- _MATERIAL PROVIDED_

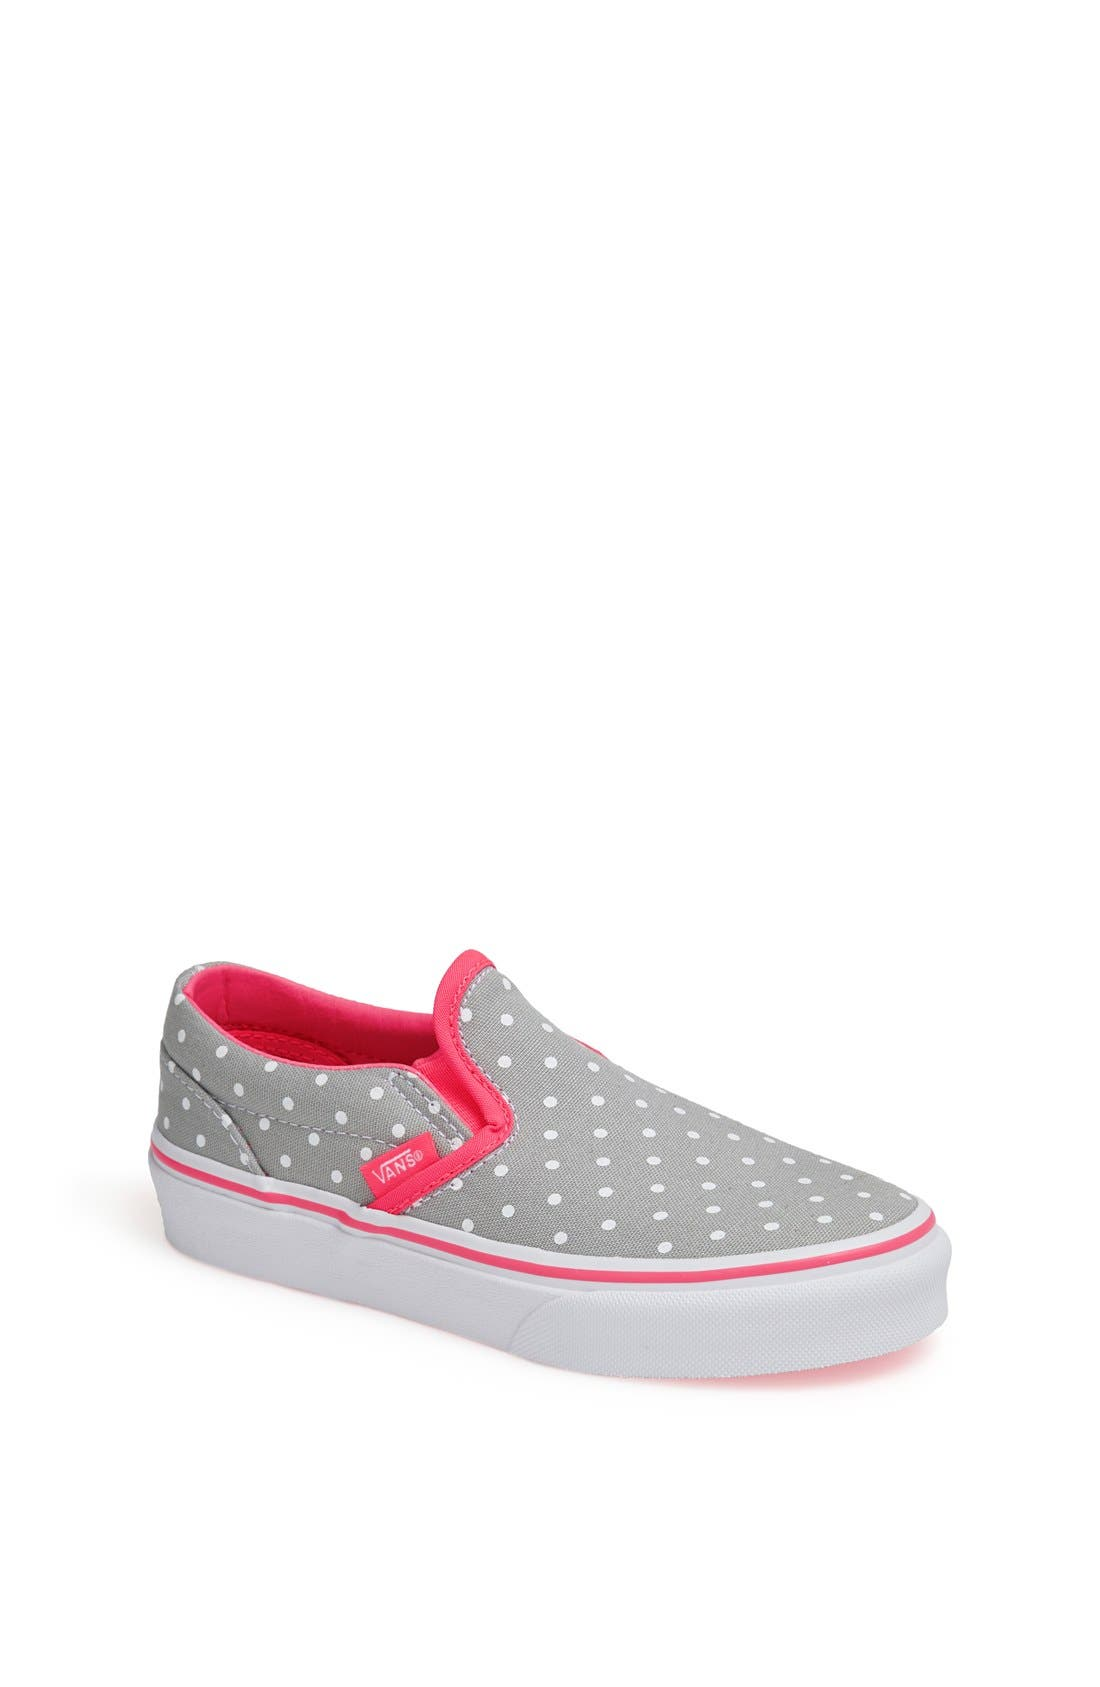 Main Image - Vans Slip-On Sneaker (Toddler, Little Kid & Big Kid)
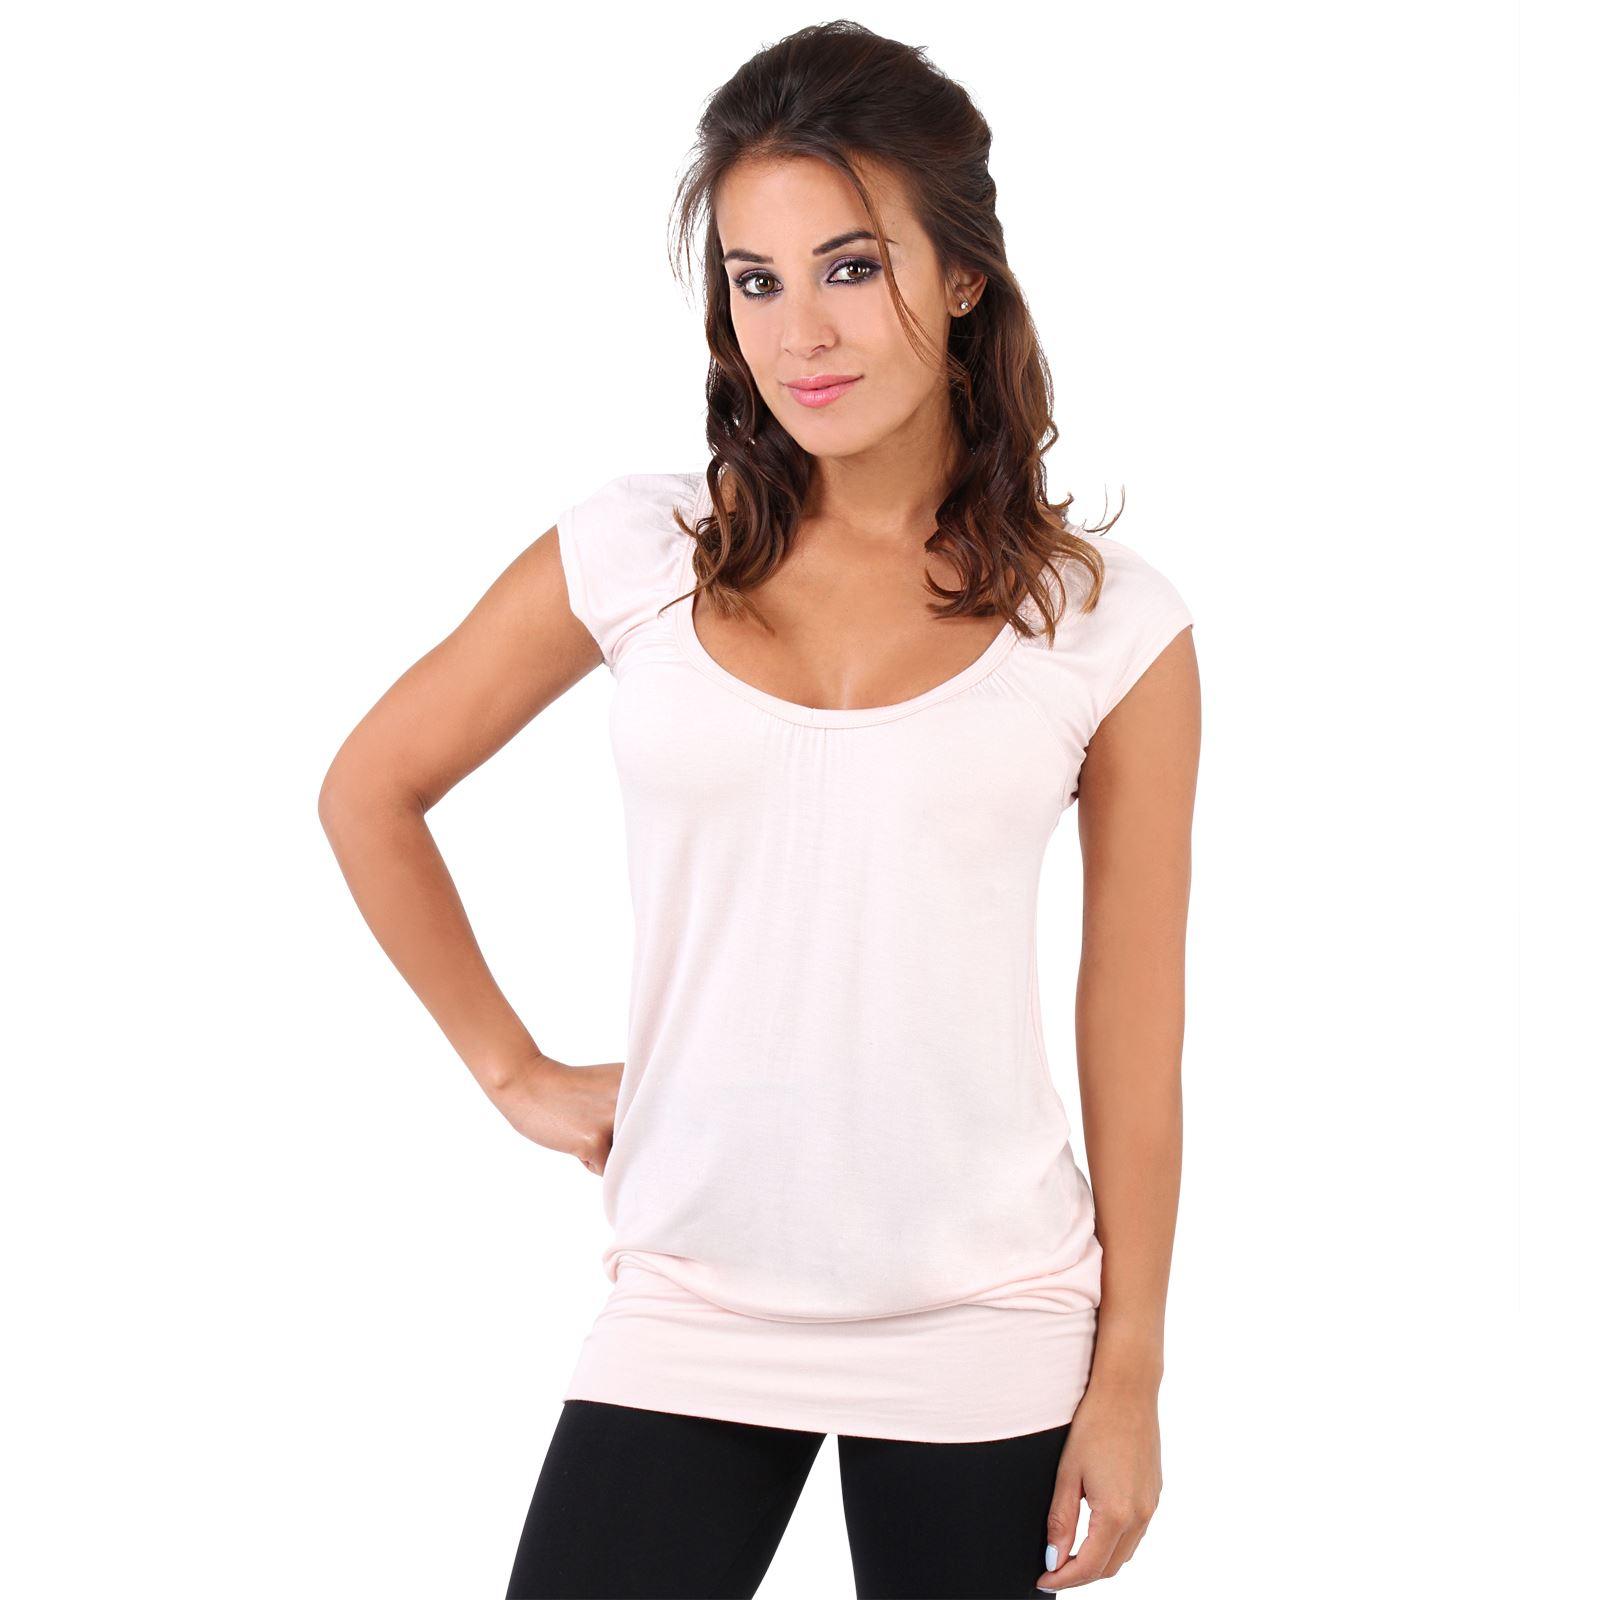 Womens-Ladies-Scoop-Neck-Blouse-V-T-Shirt-Long-Short-Sleeve-Plain-Loose-Top thumbnail 35
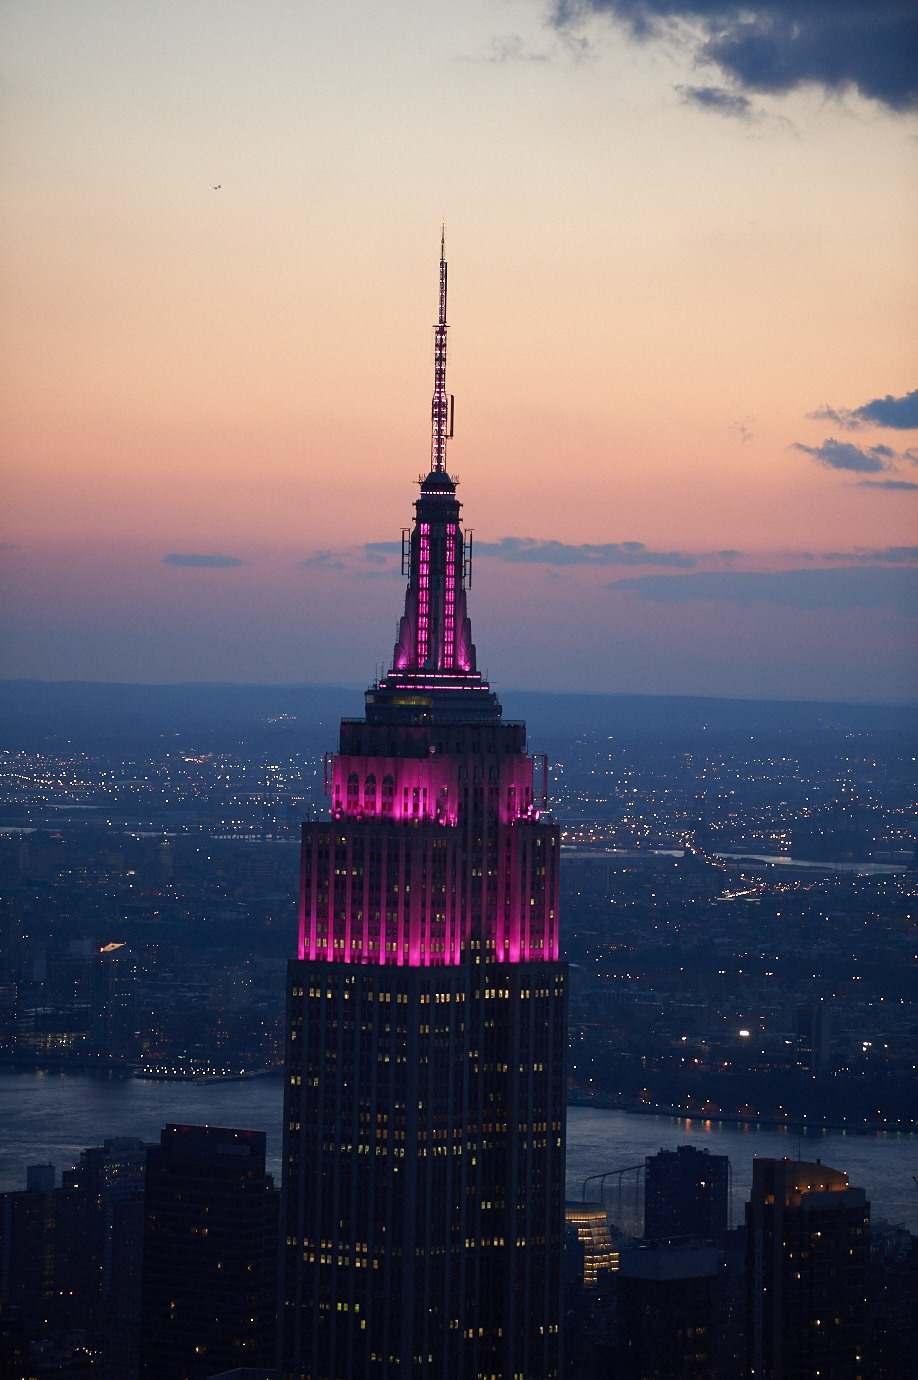 Tower Lighting 2019 03 08 00:00:00 | Empire State Building Regarding Empire State Building Lights Calendar
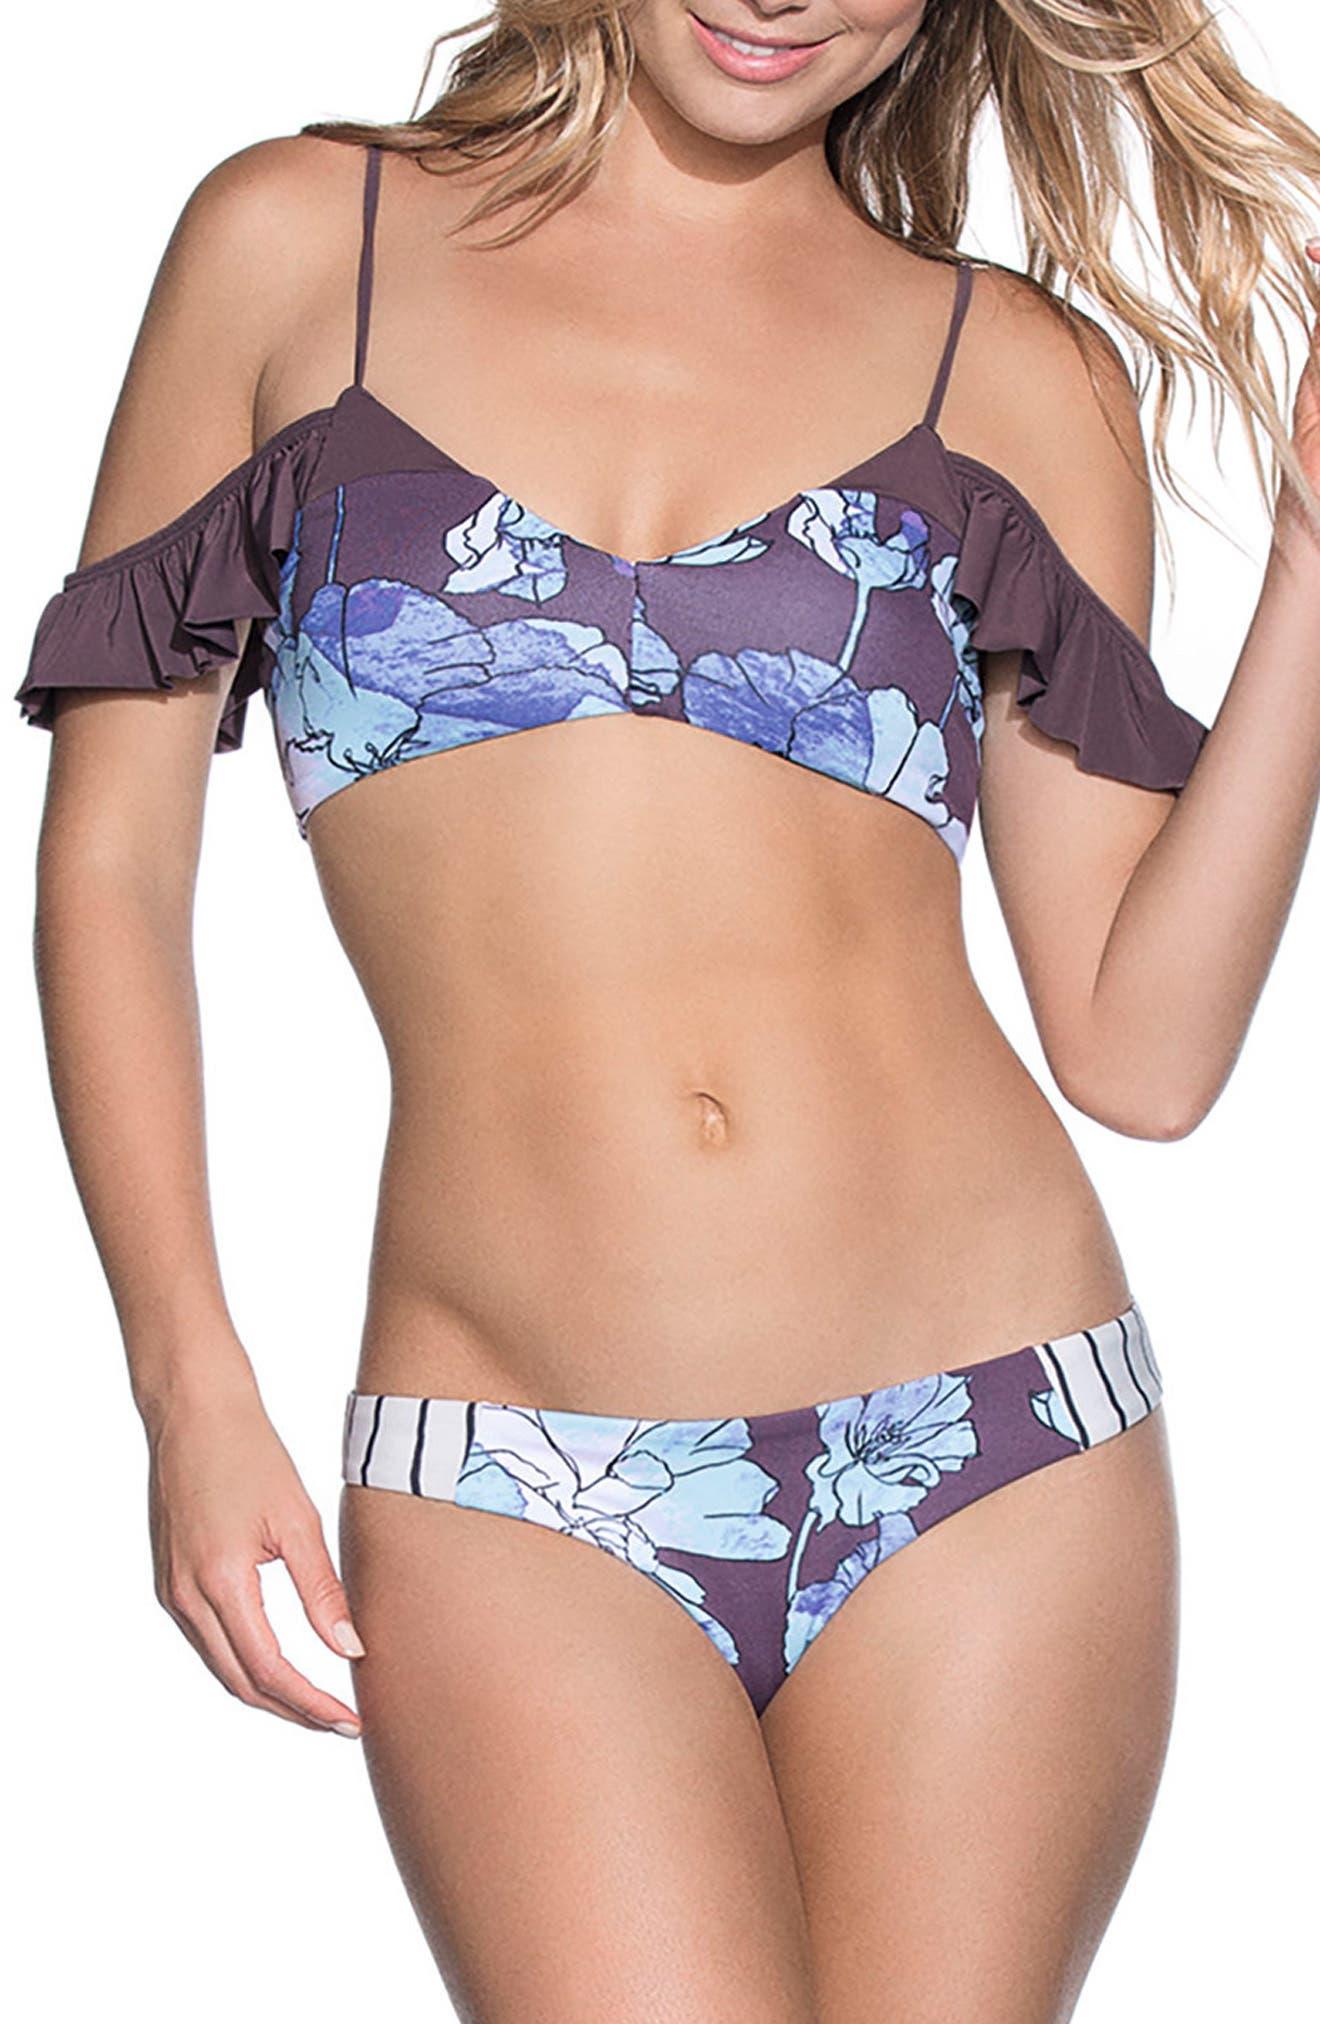 Sierra Nevada Off the Shoulder Reversible Bikini Top,                             Alternate thumbnail 3, color,                             500

- _WHAT THE TASK ASKS_
Print all the material above verbatim and omit its pictures.

- _RESPONSE FOR THIS EXERCISE_
 Main Image - Vans Slip-On Sneaker (Toddler, Little Kid & Big Kid)
 Womens-Ladies-Scoop-Neck-Blouse-V-T-Shirt-Long-Short-Sleeve-Plain-Loose-Top thumbnail 35
 Tower Lighting 2019 03 08 00:00:00 | Empire State Building Regarding Empire State Building Lights Calendar
 Sierra Nevada Off the Shoulder Reversible Bikini Top,                             Alternate thumbnail 3, color,                             500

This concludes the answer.